__EXERCISE BRIEF__
Reproduce exactly the span of lines beginning at the one with "Time for outdoor" and ending at the last line of the data below, omitting pictures.

__INFORMATION SUPPLIED__

■ ■ ■ ■ ■ ■ ■

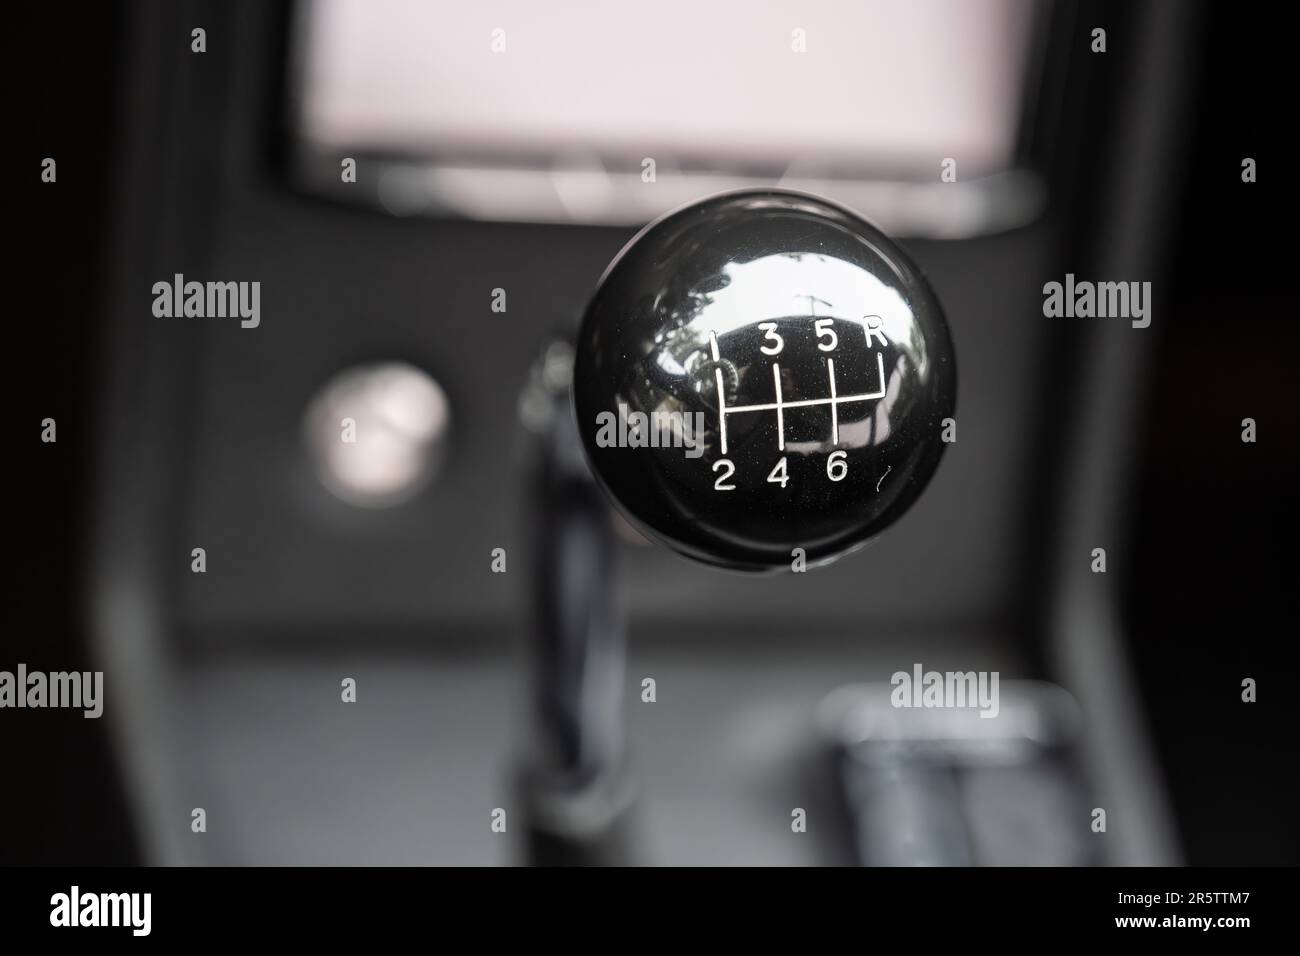 6-speed stick shifter shows all the positions for each gear of the manual transmission. Stock Photo
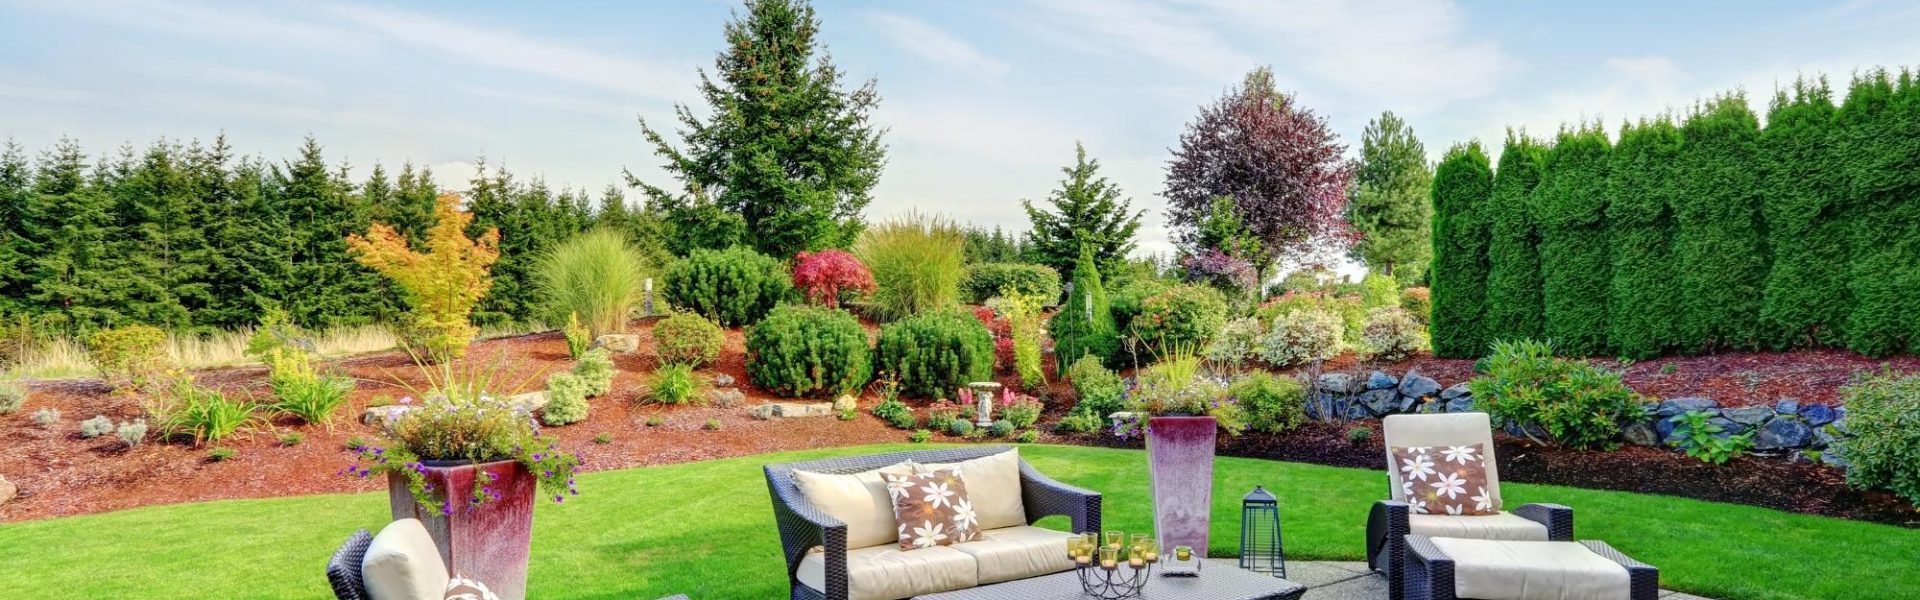 Time for outdoor renovation or a Perfect backyard remodel?
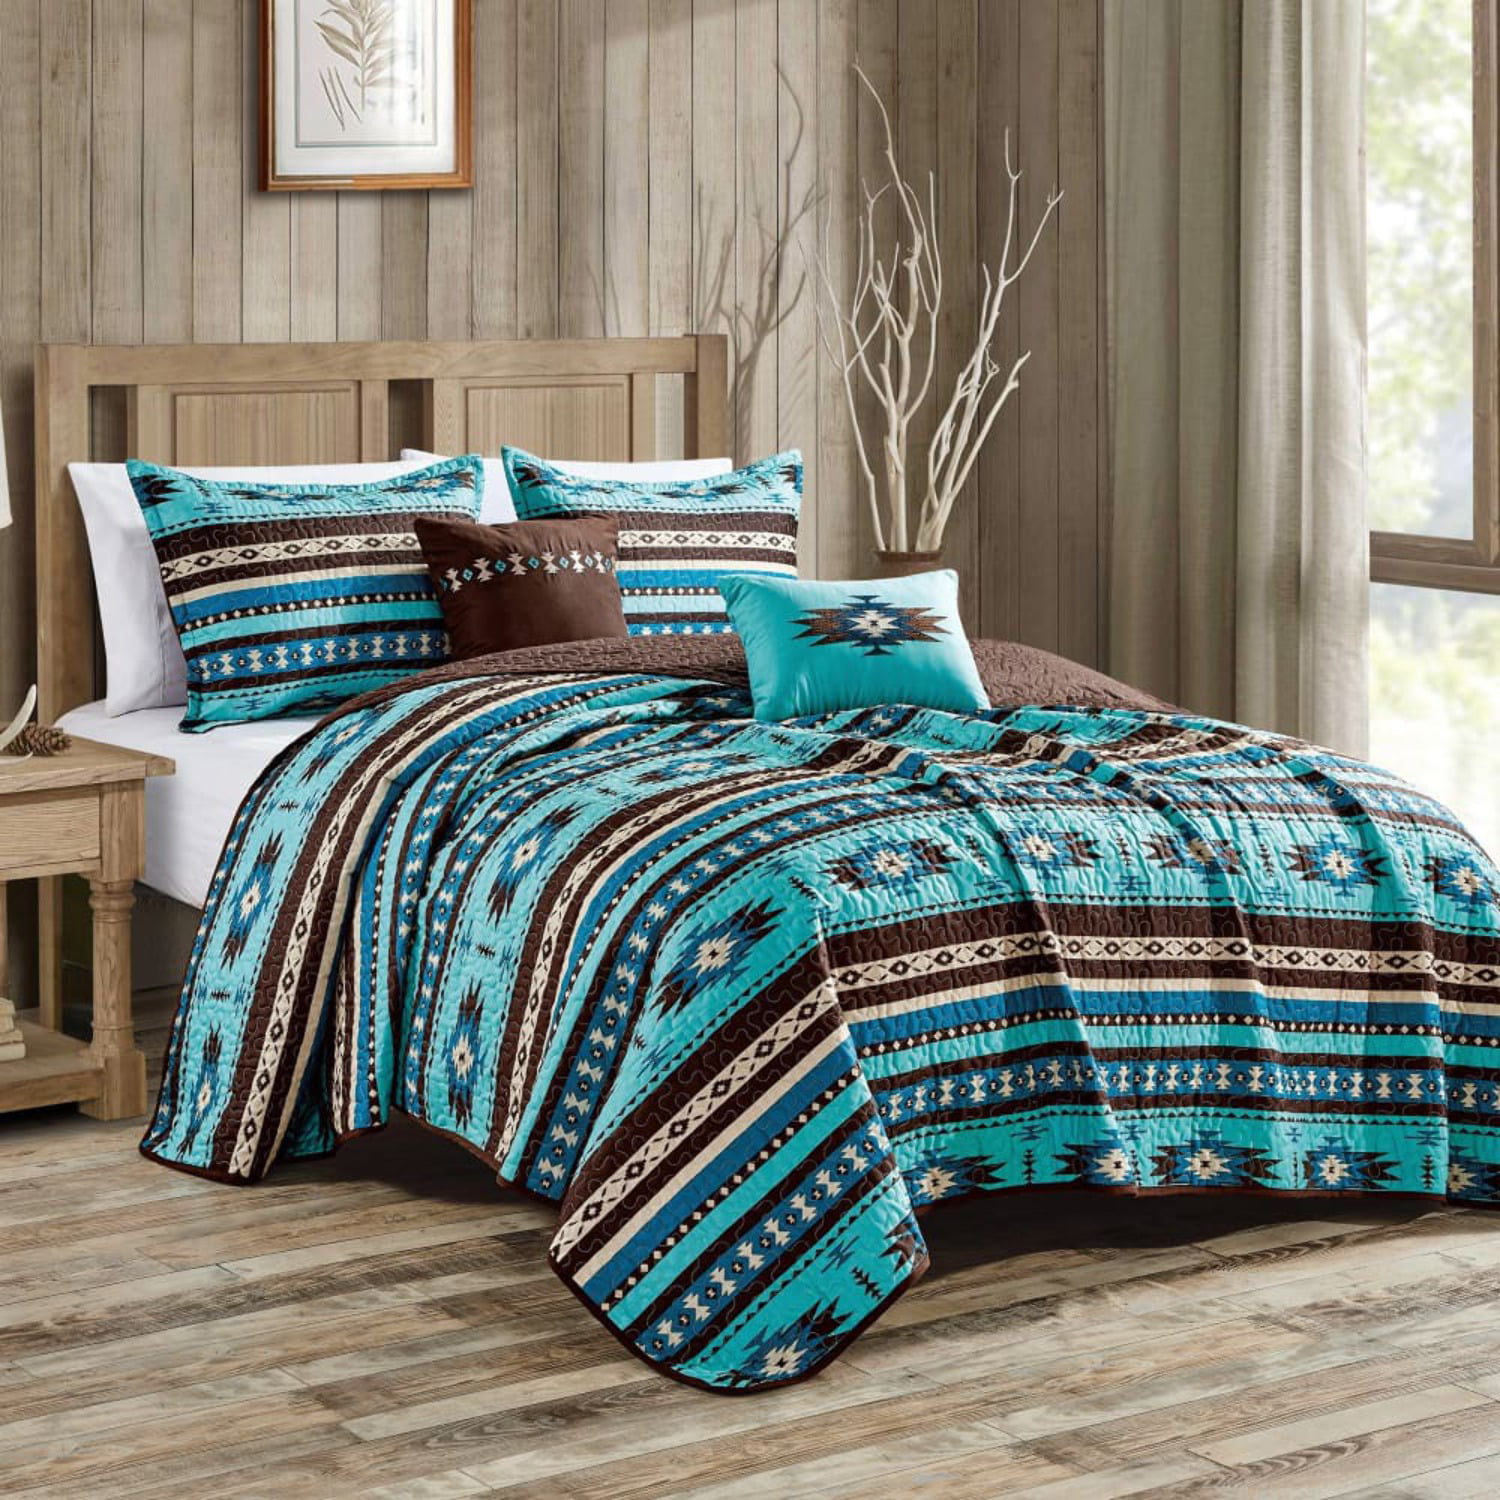 Details about   King Southwestern Aztec Tribal Red Turquoise Cabin Comforter Set 7 Piece Set

■ ■ ■ ■ ■ ■ ■

__EXPECTED ANSWER__
 Time for outdoor renovation or a Perfect backyard remodel?
 Details about   King Southwestern Aztec Tribal Red Turquoise Cabin Comforter Set 7 Piece Set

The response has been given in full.